Bukannya menerapkan kebijakan yang kaku dan menyulitkan, lebih baik pemerintah memperluas cakupan subsidi agar masyarakat yang benar-benar membutuhkan bisa dengan mudah mendapatkannya.

Selain itu, solusi lain yang bisa diterapkan adalah menerapkan sistem subsidi langsung kepada masyarakat yang berhak.

"Daripada membatasi jumlah tabung yang bisa dibeli atau menerapkan syarat administrasi yang membingungkan, lebih baik jika subsidi diberikan dalam bentuk bantuan tunai atau voucher gas," tuturnya.

Dengan begitu, Achmad menyebut, masyarakat miskin tetap bisa membeli LPG 3kg tanpa harus dipersulit oleh aturan yang berbelit-belit.

Pemerintah juga harus lebih transparan mengenai alasan di balik kebijakan ini. Apakah benar langkah ini dilakukan untuk memastikan subsidi tepat sasaran, ataukah ada kepentingan lain yang tersembunyi?

"Jangan sampai kebijakan ini justru memberikan keuntungan bagi segelintir pihak yang memiliki kepentingan bisnis dalam industri gas," ujarnya.

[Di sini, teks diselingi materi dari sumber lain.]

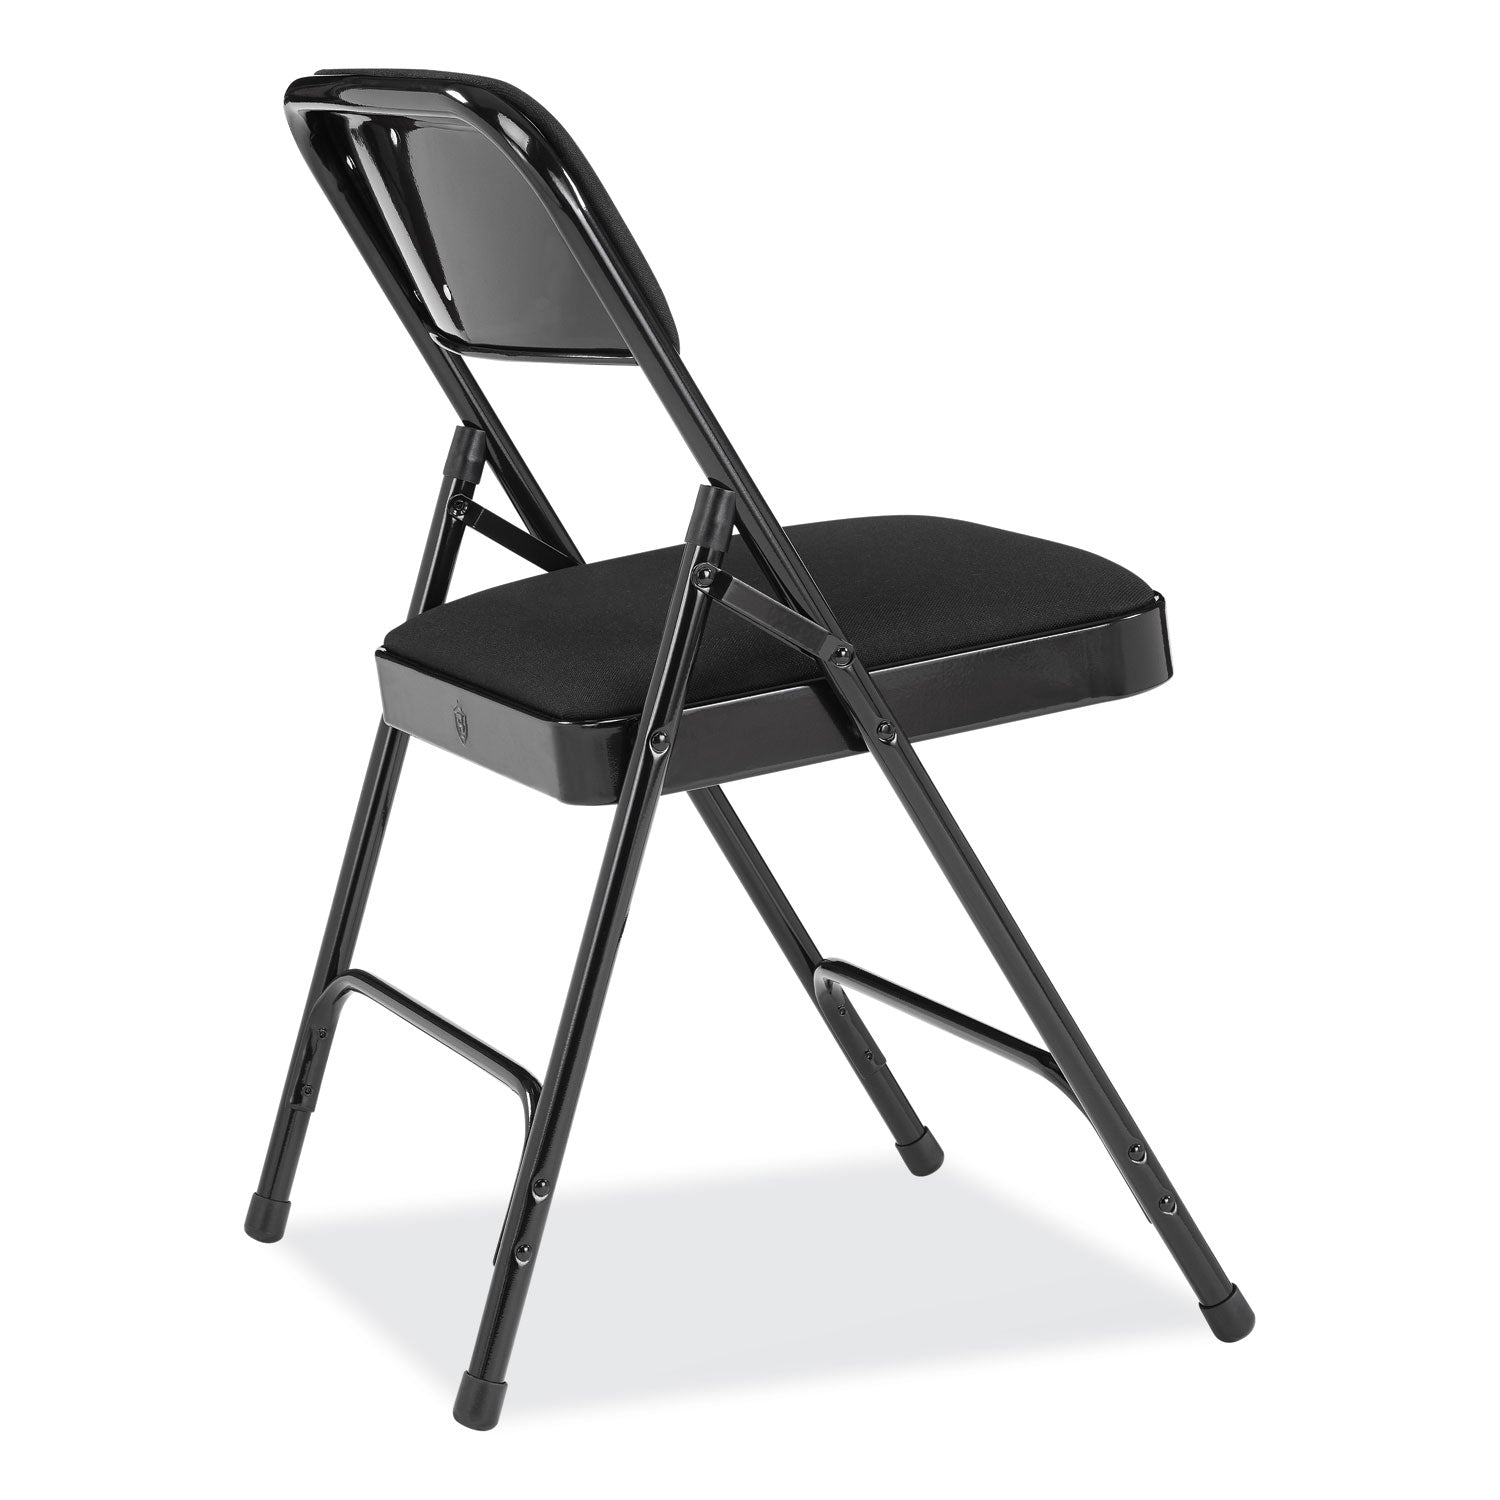 2200-series-fabric-dual-hinge-folding-chair-supports-500-lb-midnight-black-seat-back-black-base4-ctships-in-1-3-bus-days_nps2210 - 4

Kebijakan yang Harus Dibatalkan

Achmad menuuturkan, Kebijakan baru pembelian elpiji 3 kg ini jelas telah menimbulkan banyak permasalahan bagi masyarakat, terutama kelas bawah dan kelas menengah.

Bukannya memberikan solusi, kebijakan ini justru menambah kesulitan bagi mereka yang sudah berjuang keras untuk bertahan hidup.

Dengan sistem pembatasan yang berbelit dan distribusi yang semakin sulit, masyarakat semakin terbebani, sementara ekonomi kecil juga mulai terancam.

"Jika kebijakan ini terus dipaksakan tanpa evaluasi yang matang, maka bukan tidak mungkin akan muncul gejolak sosial dan ekonomi yang lebih besar," katanya.